A plurality of patch plugs, in which electric connection lines are connected to an insulating, one-piece housing with a contact element accommodated in said housing, are already known. The housings are manufactured, as a rule, from a plastic, injection molding processes being used in many cases.
However, such patch plugs do not, as a rule, meet the special requirements that are associated with high-temperature applications, in which the plugs are exposed to a thermal load of 120° C. and higher. Only a few of the electrically insulating materials that can be used for insulating patch plug housings are sufficiently resistant to such a thermal load. However, the possibility of making it possible to manufacture a housing with a desired design especially according to the injection molding process by adapting the material use is thus eliminated as well. This problem becomes even more acute as the desired designs become ever more compact.
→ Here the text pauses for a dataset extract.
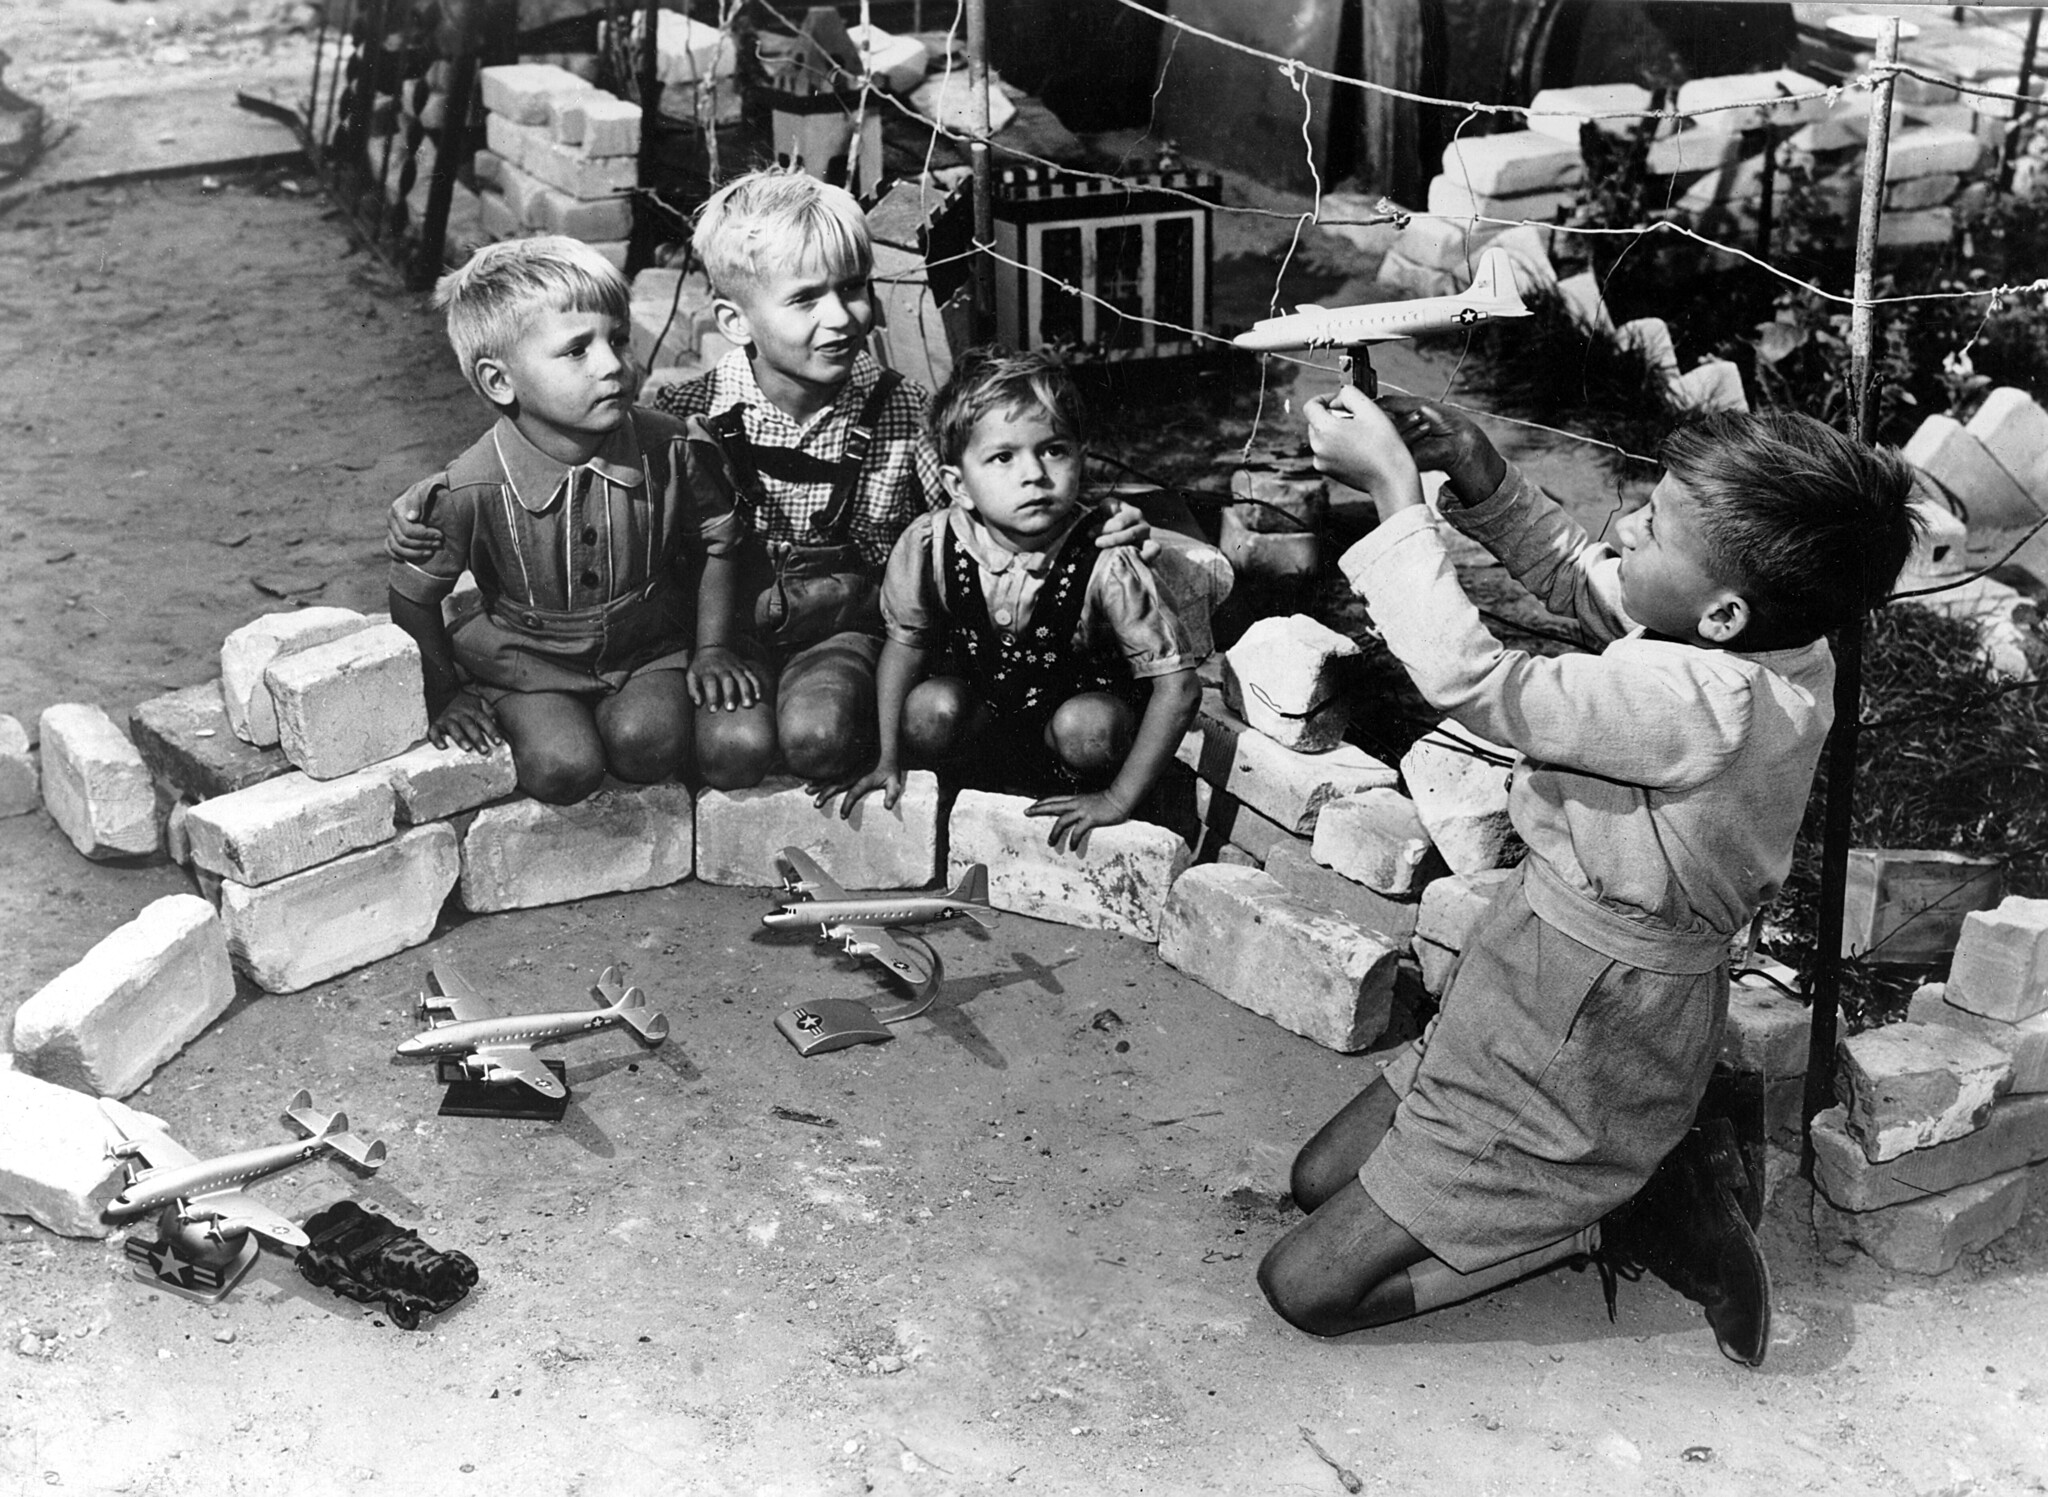 German children in Berlin playing with model U.S. airplanes during the Berlin Airlift.

Usual high-temperature patch plugs are designed for this reason, as a rule, such that a connection is established in them for every individual pole between a contact element and a conductor and the corresponding connection is then surrounded, especially after the plug thus prepared has been combined with a counterplug, with a housing made of PEEK or a heat-shrinkable sleeve, which said housing is coordinated with the conductor cross section and the external diameter of the individual conductor and is crimped with same and is thus thermally and electrically insulated. Such high-temperature plugs are available, e.g., from Electrolux under the name “high-temperature plug-in connection HTC.”
The drawback of this embodiment is that the manufacture of a plug-in connection is associated with a relatively great effort. Furthermore, the space requirement is relatively high, especially for multipole high-temperature plug-in connections, which are based in these plugs.